David Shi is a historian, writer and president of Furman University. His campus address is 3300 Poinsett Highway, Greenville, SC 29613, or send e-mail to david.shi@furman.edu.


Even the Founding Fathers found ways to use the press to promote their political agendas.

Recent revelations that the Bush administration paid Armstrong Williams and other journalists to promote its policies in the press have generated great consternation and prompted public apologies as well as ongoing investigations. Although Tribune Media Services, which syndicates Williams' weekly newspaper column, severed its ties with the commentator, the controversy persists.

Backroom political efforts to influence the press are not new. There is a rich tradition in the American experience of political figures trying to shape journalistic coverage. After the Revolution, for example, it was quite common — and accepted practice — for politicians to disguise their identity with pseudonyms in order to write highly partisan newspaper commentaries favoring their particular political stances.

Alexander Hamilton and Thomas Jefferson, for instance, engaged in a ferocious journalistic feud over public policy issues in the young republic.
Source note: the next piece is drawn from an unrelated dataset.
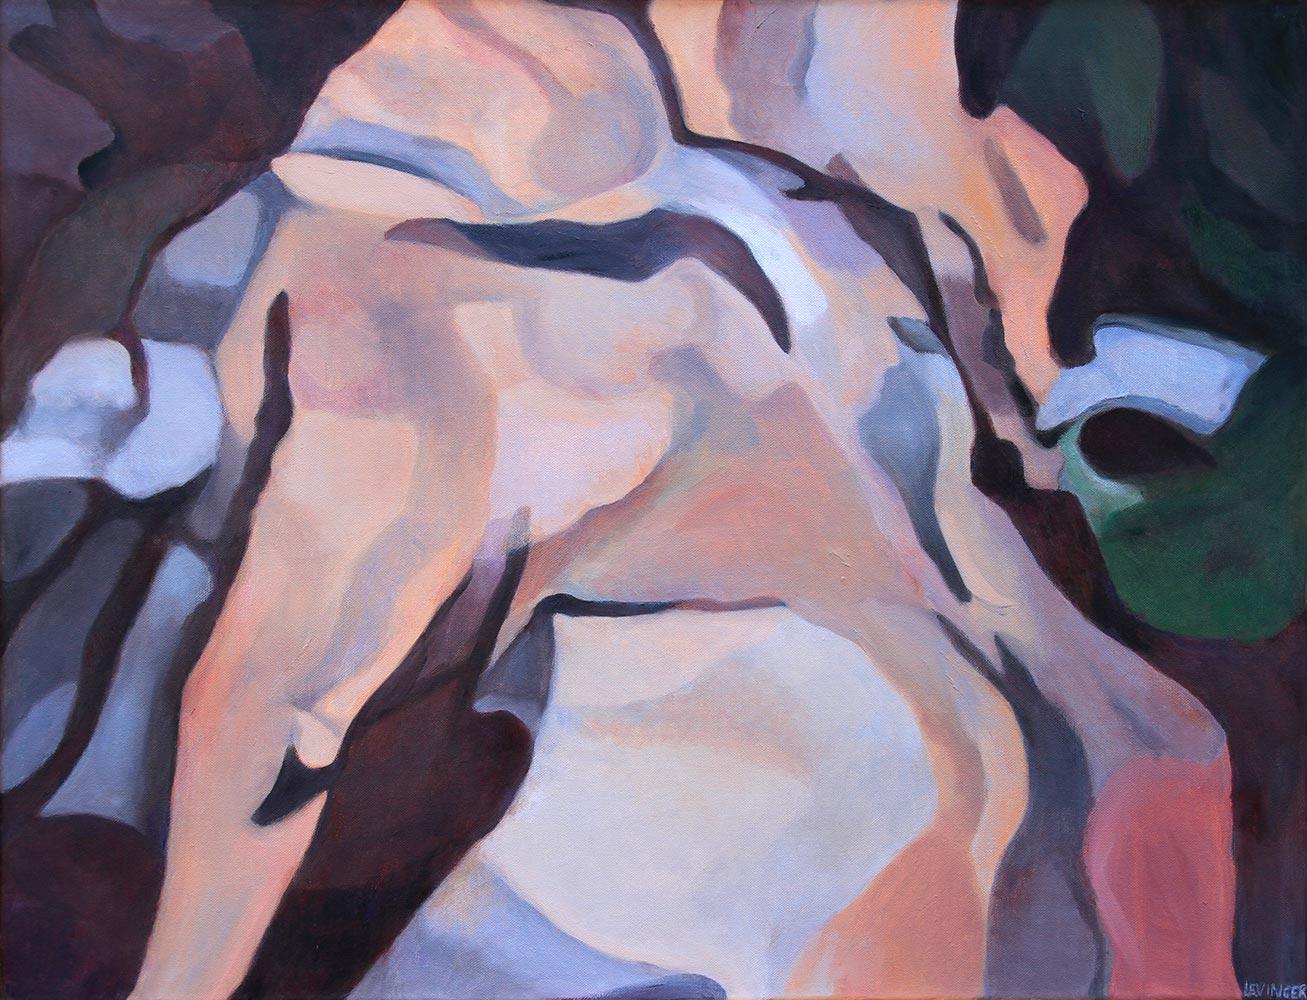 Torso, 90 x 120 cm, Öl auf Leinwand

Even though the two Founding Fathers served together in George Washington's Cabinet, they hated each other. Everything about them clashed: philosophies, backgrounds and personalities.

Jefferson supported the French Revolution; Hamilton was horrified by its excesses and preferred the British tradition of constitutional monarchy. During the controversy over Jay's Treaty with Britain in 1795, Hamilton used the pen name Camillus (a famous Roman general) to publish 21 essays defending the treaty in The Argus, a prominent New York newspaper. Not satisfied with his efforts, Hamilton at the same time began writing columns under the name "Philo Camillus" praising the arguments of Camillus. In other words, he was using the freedom afforded by one pseudonym to endorse points he was making under a different one!

For his part, Jefferson also wrote anonymous newspaper commentaries favoring his stance on issues. In addition he planted rumors in the press and asked others to do his journalistic dirty work. He once dashed off an angry letter to James Madison, urging his friend to "take up your pen" and cut Hamilton "to pieces" in the newspapers. While serving as secretary of state, Jefferson also hired Phillip Freneau, a renowned poet and essayist, to write articles criticizing policies of the Washington administration. One of Washington's allies warned the president that Jefferson was a "hypocrite and is deceiving you."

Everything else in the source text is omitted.